# Outlet in the wall, and still use it???



## CF-DRG (Apr 13, 2020)

So I have an outlet in the wall, and there will be a trestle passing over it.. Anyone got any ideas how this should be done?? The section is not finished and I put a bashed together trestle there to see what it would look like and what I have to do... But I'm not thrilled with this look ( trestle ).. Any bridge/trestle ideas that might work and look good? This is a logging layout so a crude "whatever" would be ok... Typical " design the layout, and deal with the problems as they occur ".. Come-on you " should have thought of this before you laid track" modelers , you can chew me out  ...


----------



## T-Man (May 16, 2008)

The outlets look like faces.
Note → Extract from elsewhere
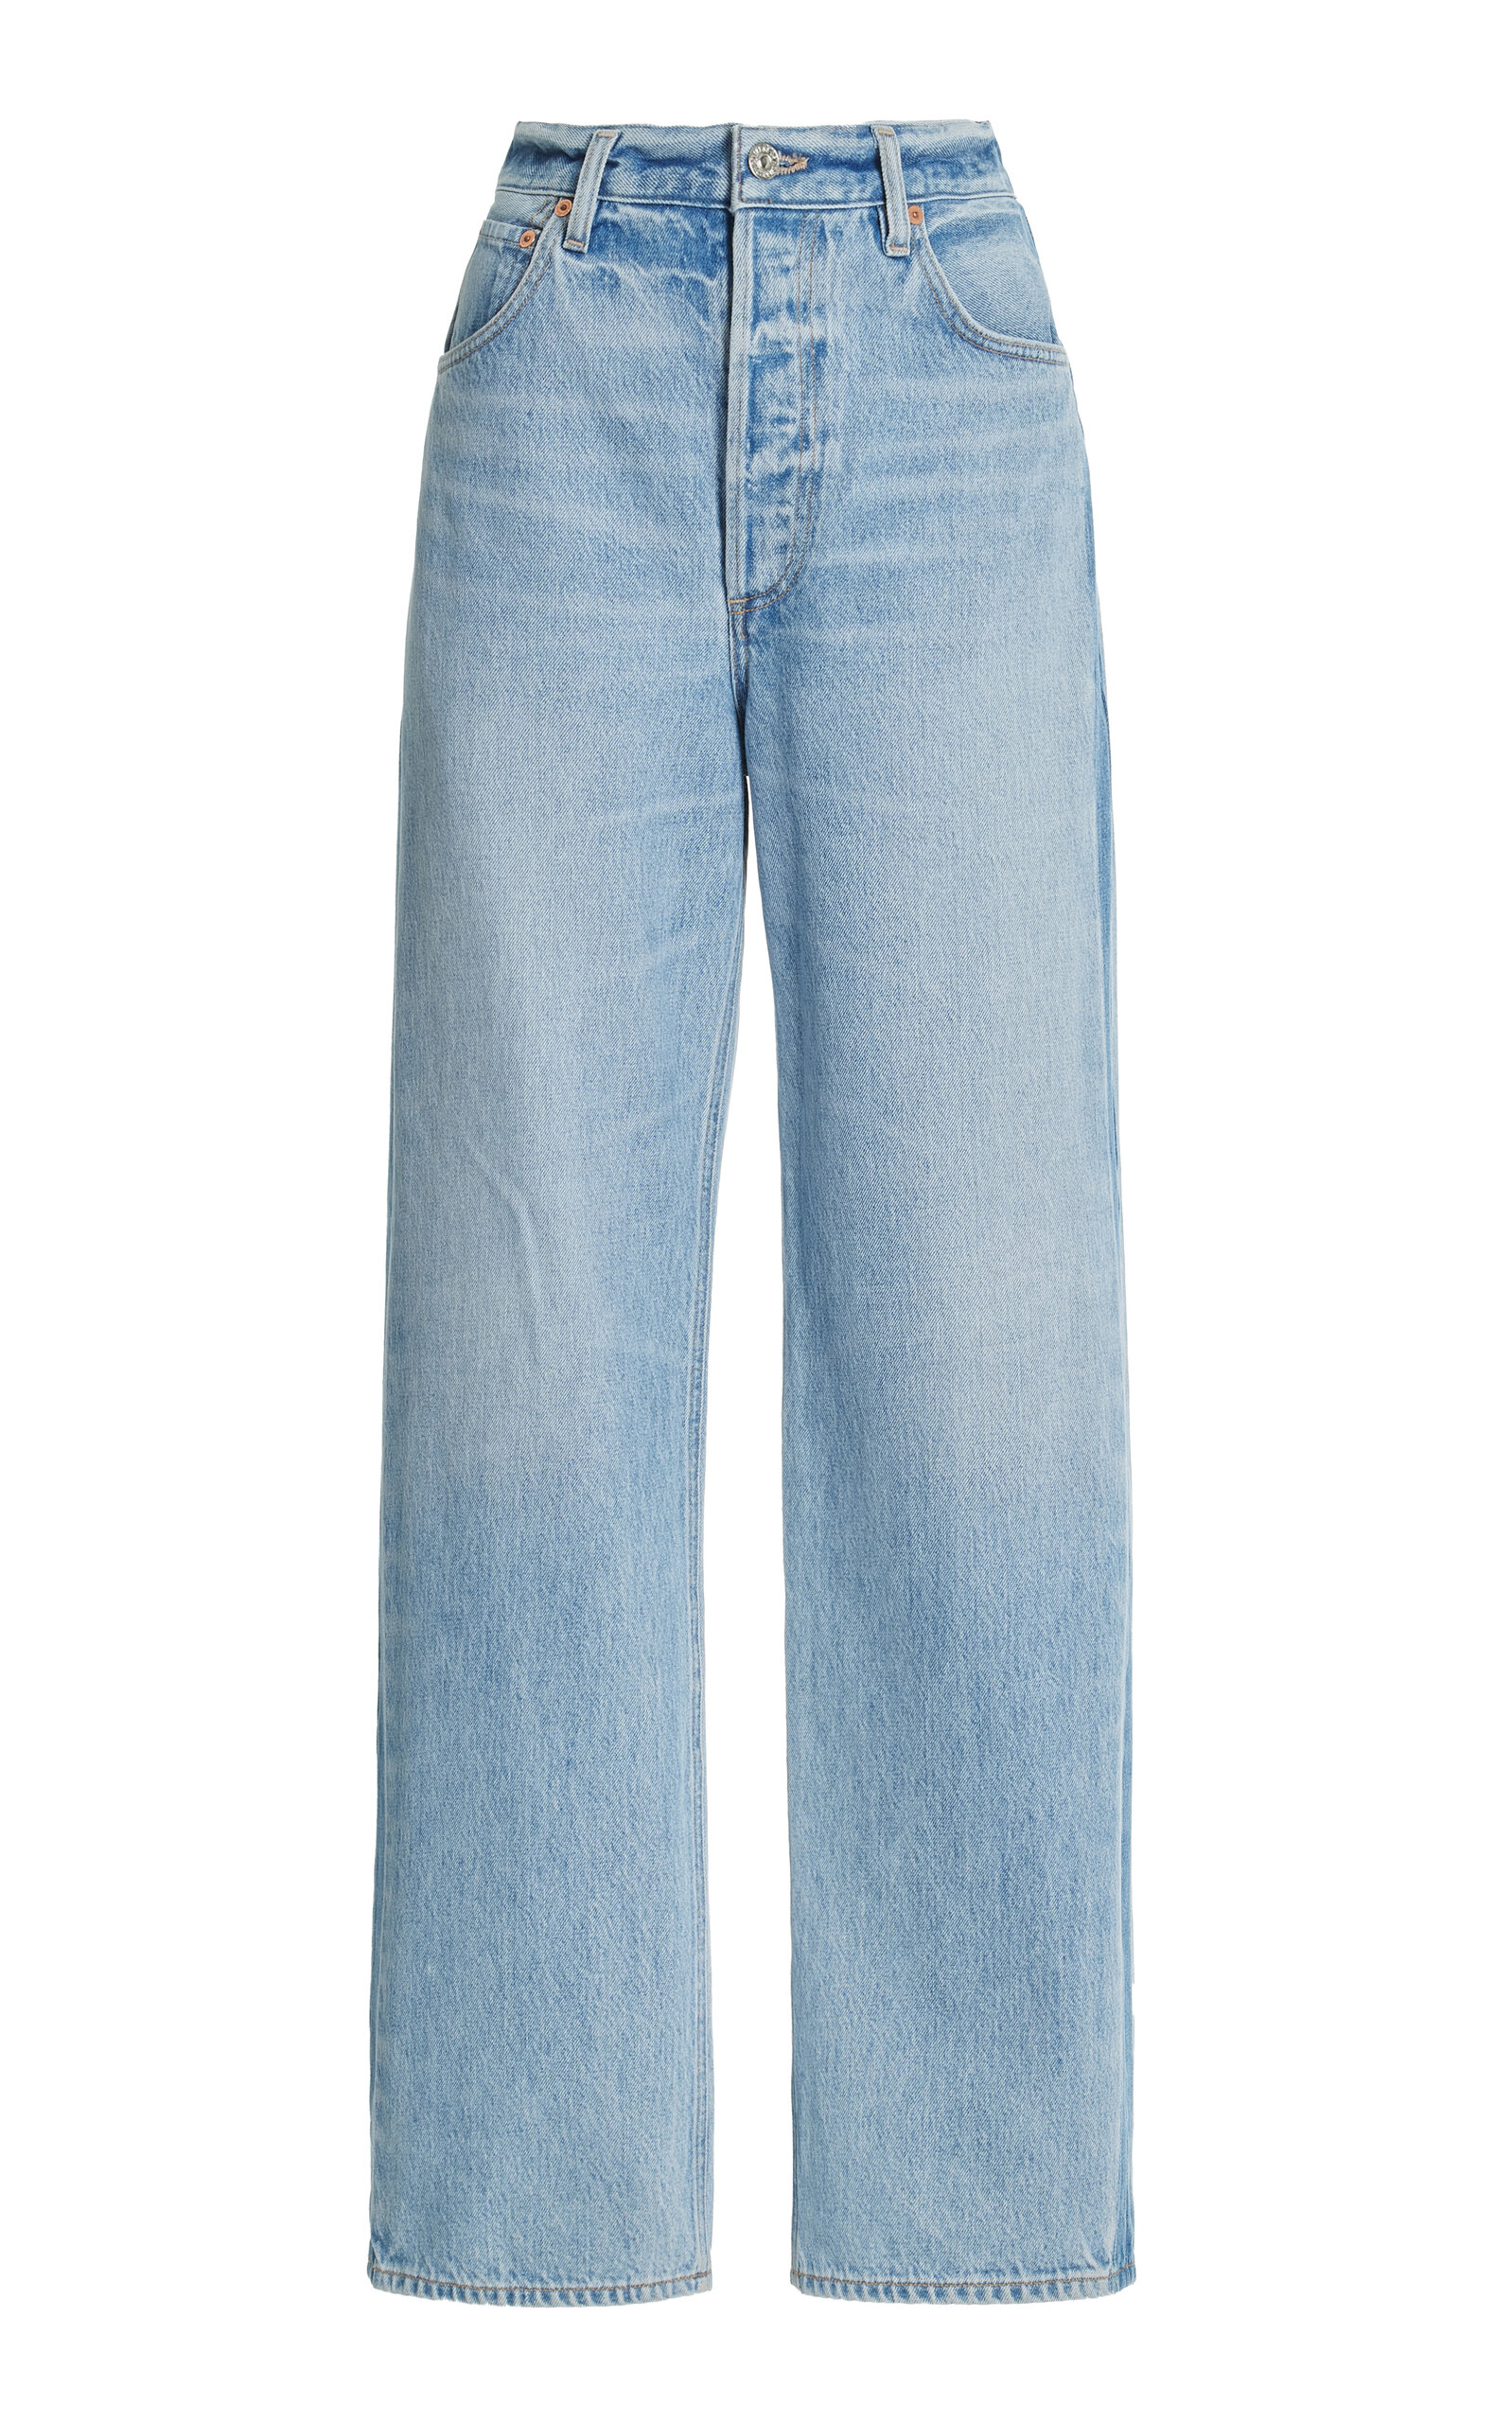 Citizens Of Humanity Ayla Baggy Cuffed Crop Jeans In Light Wash
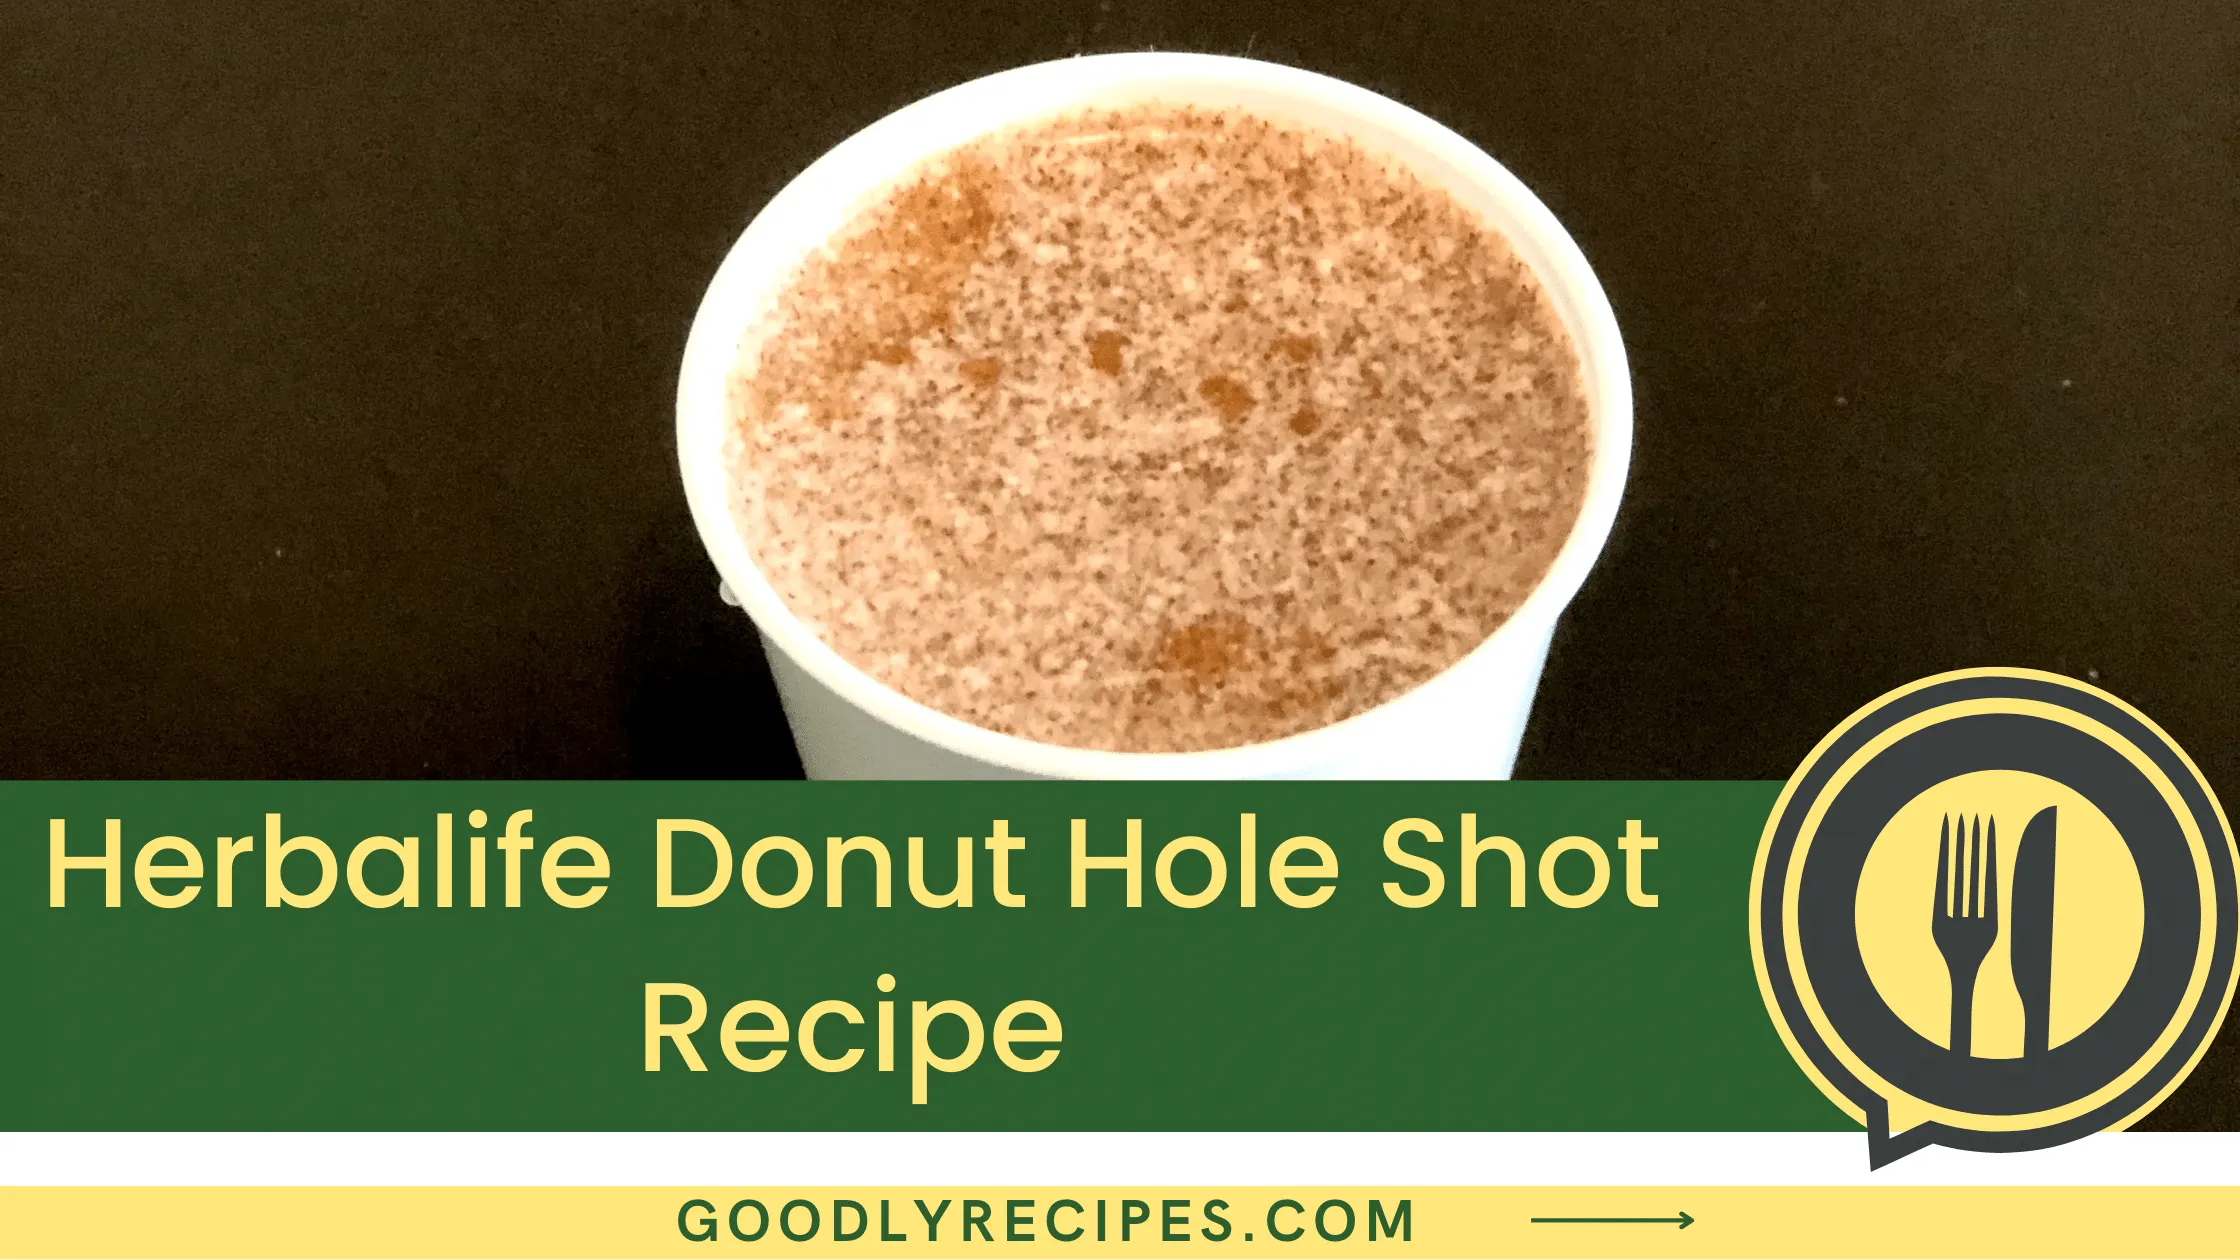 Herbalife Donut Hole Shot Recipe - For Food Lovers

How about painting some scary faces and call it an Indian Hieroglyphic.


----------



## Stumpy (Mar 19, 2013)

The trestle looks pretty good to me so far!

As for the outlet, just keep blending it in like you did to the blank cover plate above it. Darker colors will hide the slots & ground lug hole better. I think, using spackle or caulk, you could blend the plate edges into the wall, then touch up the paint and they would disappear completely. Of course the thread title says, "and still use it", so something plugged in would negate all the effort to hide it.


----------



## 65steam (Dec 18, 2019)

I see that you are painting over the cover plates, so why not insert outlet safety covers (typically used to keep toddlers out) and then paint over those? You would be able to remove them for using the outlet and then replace them.


----------



## Gramps (Feb 28, 2016)

As was stated the outlet should be able to be disguised with paint matching the surroundings. The question is, does the outlet have to be used in order to run the trains? If not, then it probably won't be noticed while they are running. If it's only needed when they are not running but something else in the room needs to be plugged into it, I don't think it's a big distraction to the layout. Just my thought.


----------



## 5kidsdad (Nov 28, 2021)

Crazy idea but if there's room between the backdrop and the layout...get a extension cord that's designed for tight spaces. It should have a 90° bend to it. This way the cord can be placed under the layout for use. Then paint the plug to help disguise it in the outlet. To me that would be better than reaching across the layout with a cord and damaging scenery or other items in the immediate area.


----------



## OilValleyRy (Oct 3, 2021)

What @5kidsdad said. Buy one kf these & make life easier. https://www.amazon.com/Socket-Ultra...t=&hvlocphy=9017088&hvtargid=pla-813820943924
Alternatively, could you have the backdrop behind the trestle painted onto styrene that can be lifted out?


----------



## kilowatt62 (Aug 18, 2019)

Glad I read all the thread posts first. 
I had three ideas in my head. Two of which I’ve done. 
I see that 65steam, 5kidsdad, and Oilvalley all beat me to typing. 
Great minds.  

KW62


----------



## Fire21 (Mar 9, 2014)

I agree, the trestle looks awesome! Just what a gotta-have trestle might look like. And any of the design suggestions for the outlet would work.


----------



## gunrunnerjohn (Nov 10, 2010)

Why not just design a covering piece of material that allows you to plug in behind it?


----------



## rrman987 (Aug 29, 2021)

And obviously the outlet can't be relocated lower down the wall. Of course not, silly, its embedded in concrete foundation wall!! 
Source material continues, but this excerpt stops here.